However, the choice of IaaS or PaaS capabilities can have a significant impact on the rate of return for cloud projects, as well as the time to value for app dev.
One early discussion point and common architectural decision when deploying big data solutions in the cloud is the choice between IaaS or PaaS offerings. Most large cloud providers offer a combination of both highly specialized PaaS capabilities, and more flexible IaaS capabilities, allowing architects to pick components with the right combination of features, cost, speed and scalability.
IaaS offerings in the big data market are often technologies regularly deployed on premise, but deployed in virtual machines within the cloud provider’s environment. Technologies like Hadoop, Cassandra and MongoDB are commonly deployed on public clouds with similar architectures to that of on-premise deployments.
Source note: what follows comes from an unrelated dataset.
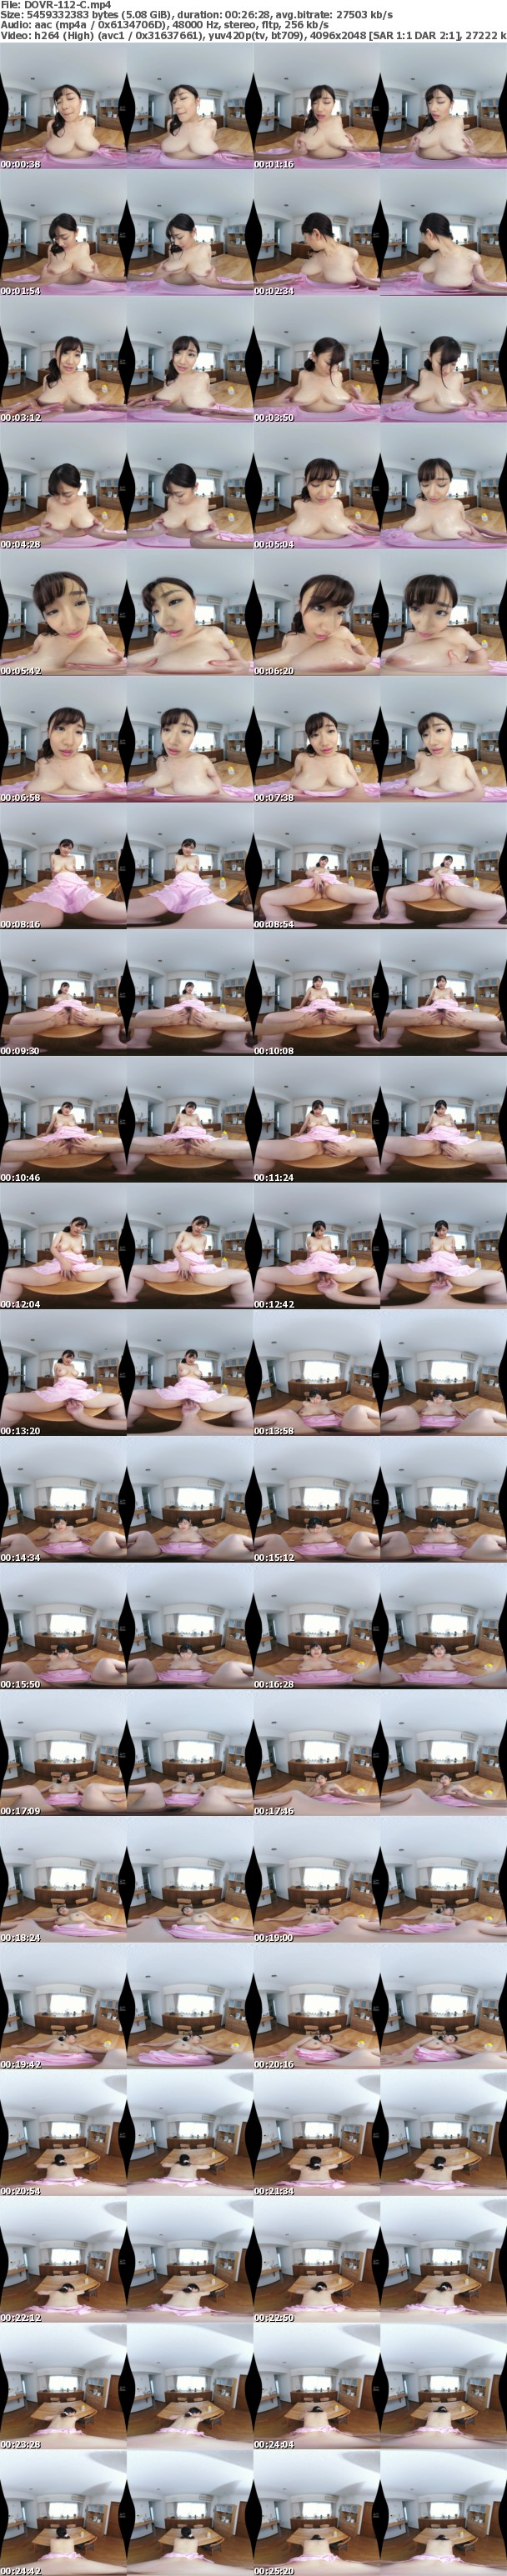 (VR) DOVR-112 爆乳家政婦が最後は眠りに導きます!やすらぎを体験できる高精細VR 小梅えな

PaaS offerings give users a set of capabilities, often exposed through a standard set of APIs that can be programmatically leveraged to quickly develop and deploy applications. Common PaaS offerings from AWS including Redshift for data warehousing and DynamoDB for NoSQL database services. Google also offers PaaS capabilities with Bigtable, a key/value store and BigQuery, a highly scalable data analysis engine supporting SQL-like queries of large datasets.
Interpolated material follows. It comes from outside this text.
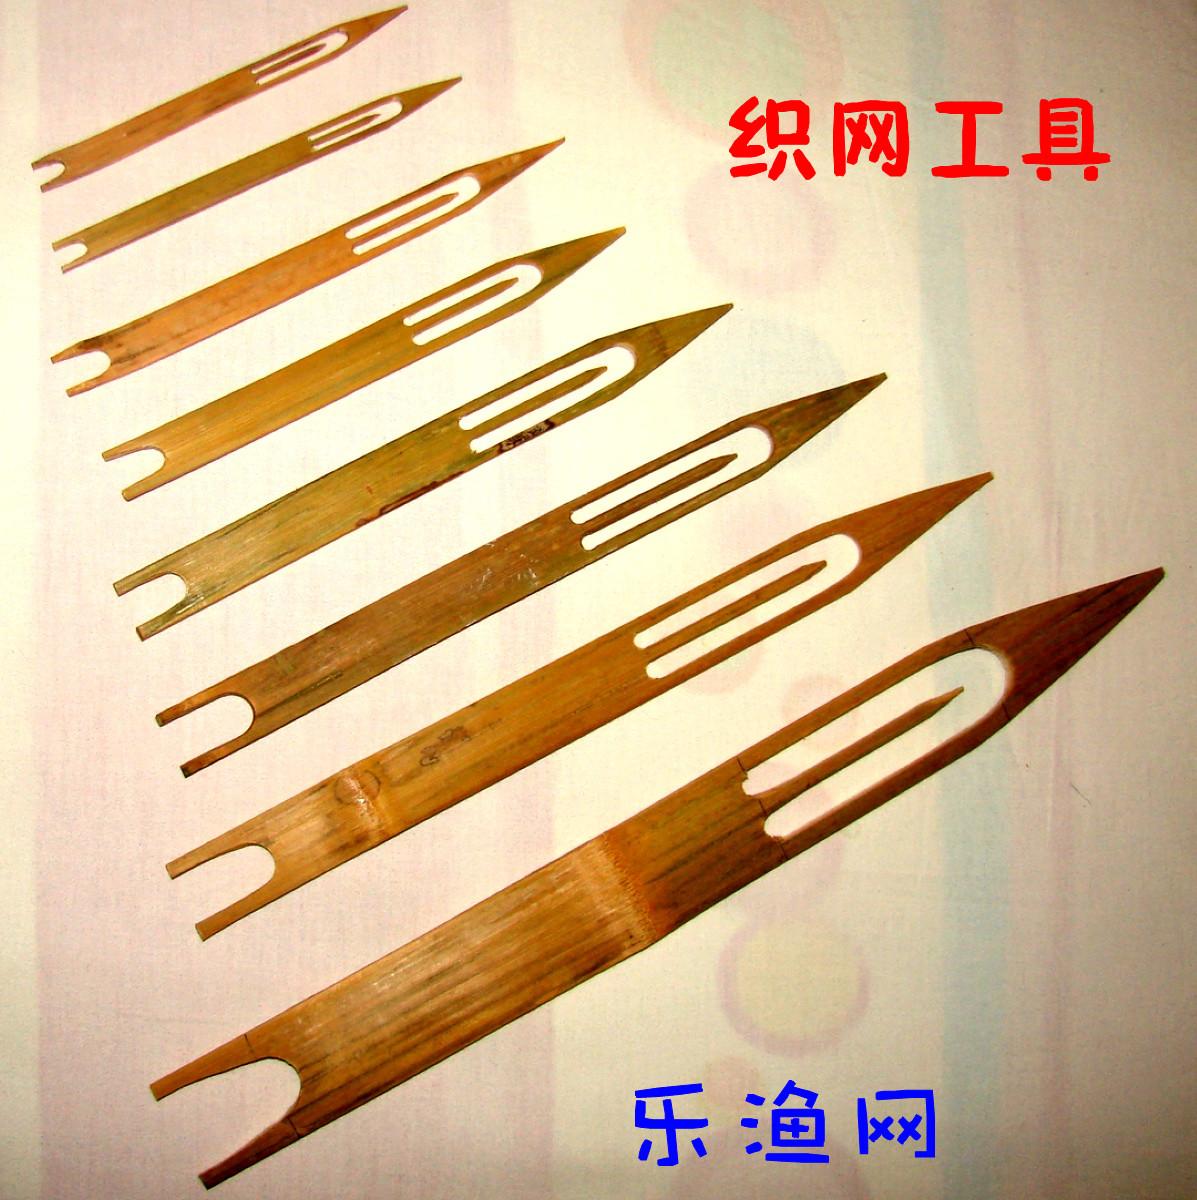 Заказать челнок для вязания сетей

While each offering has unique advantages, their adoption will vary based on specific operational needs and technical feature requirements. Some common considerations for IaaS and PaaS tradeoffs are:
- Enables cloud deployments to closely mirror the technical architecture used for on-premise big data solutions
- Aligns cloud based architectures more closely with vendor certification programs and preferred application frameworks
- Allows for more portability of an application and workload between cloud providers
- Enables a wider range of clouds to be considered, including providers that offer more traditional colocation services
- Requires a broader skill set including systems administration and operations
- Pricing is typically done based on an hourly charge relative to the size of the compute and storage resources
- More rapid time to value through a programmatic approach to service consumption
- Proven scalability through the evolution of PaaS capabilities first as internal technologies for cloud providers, then exposure as a PaaS capability
- Pricing model is commonly based on the amount of data moved or the number of requests to a specific API
When building a big data solution in the cloud, there are several key questions to assess as you look at IaaS and PaaS capabilities to determine a fit for your specific use case and workload:
- Skill set assessment – PaaS solutions require lower operational overhead and fewer systems level skills, but do demand that developers have experience and familiarity with the specific APIs and methods used to call the PaaS offerings.
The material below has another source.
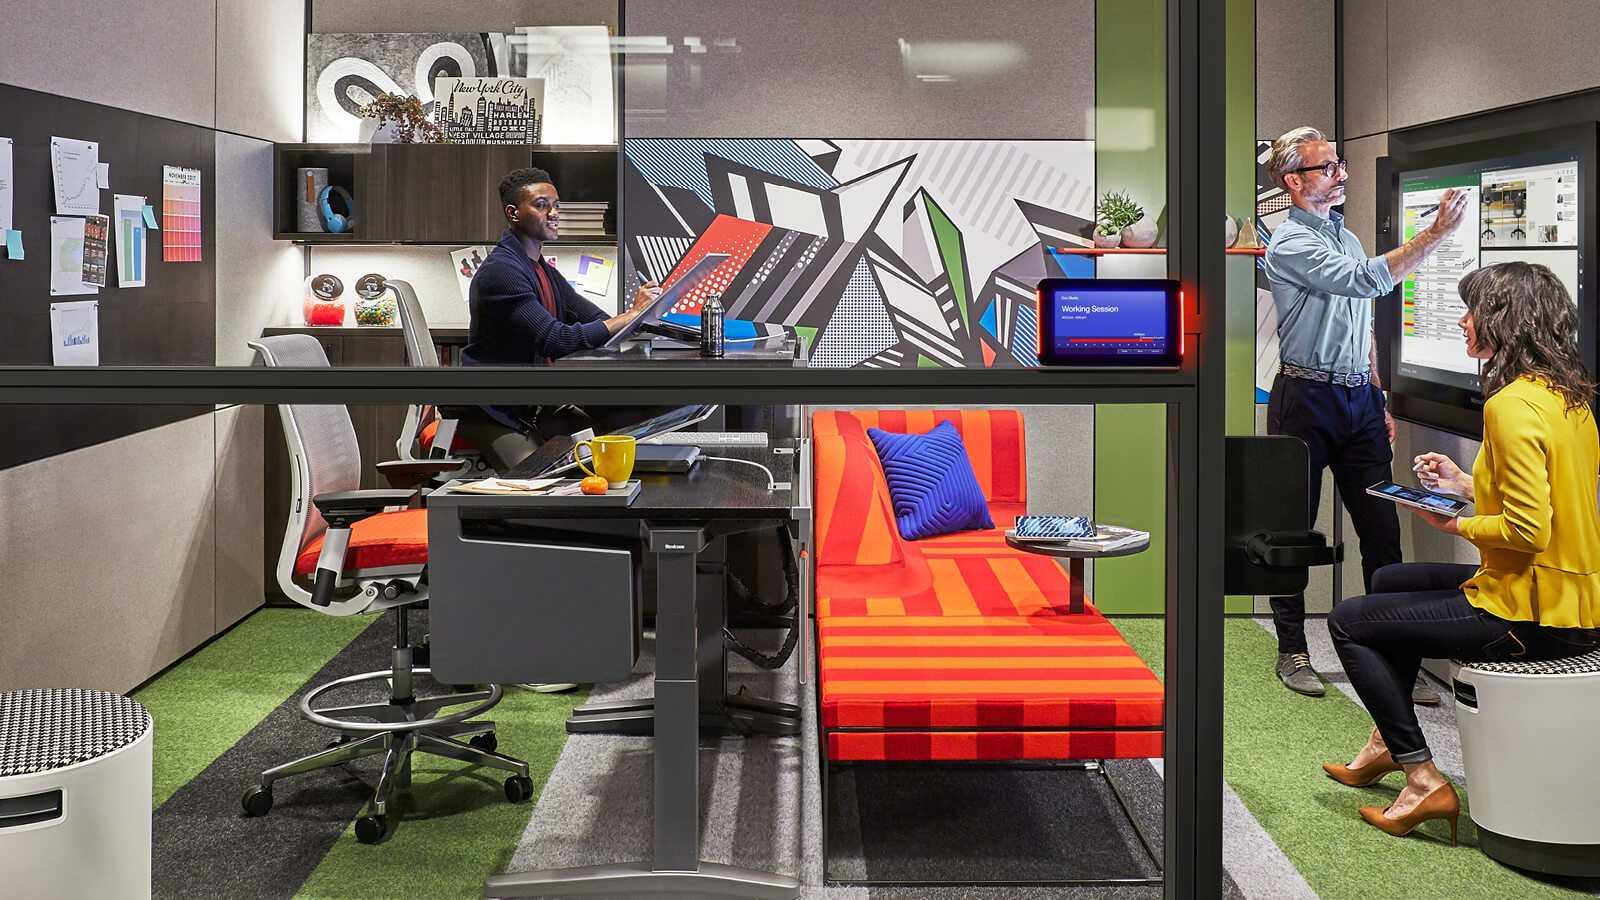 Kontor miljø hvor der arbejdes med Microsofts programmer

- Application support – Many big data deployments leverage commercial tools for visualization and predictive analytics, these tools often require certification with data platforms like those used in PaaS and IaaS deployments. You should assess all PaaS offerings to ensure the APIs are compliant with the needs of additional tools that will be integrated.
- Cost model – The cost model will be fundamentally different between IaaS and PaaS. PaaS systems will be based on usage; so unexpected loads can have a surprising effect on costs, where as IaaS is based on available capacity so there is a risk of overprovisioning the environment and paying for unused resources.
For building big data platforms, the cloud provides flexible options through both rapidly deployable PaaS solutions as well as flexible and portable IaaS options. As an organization you should start with your core requirements and technical needs to determine which path is best for you.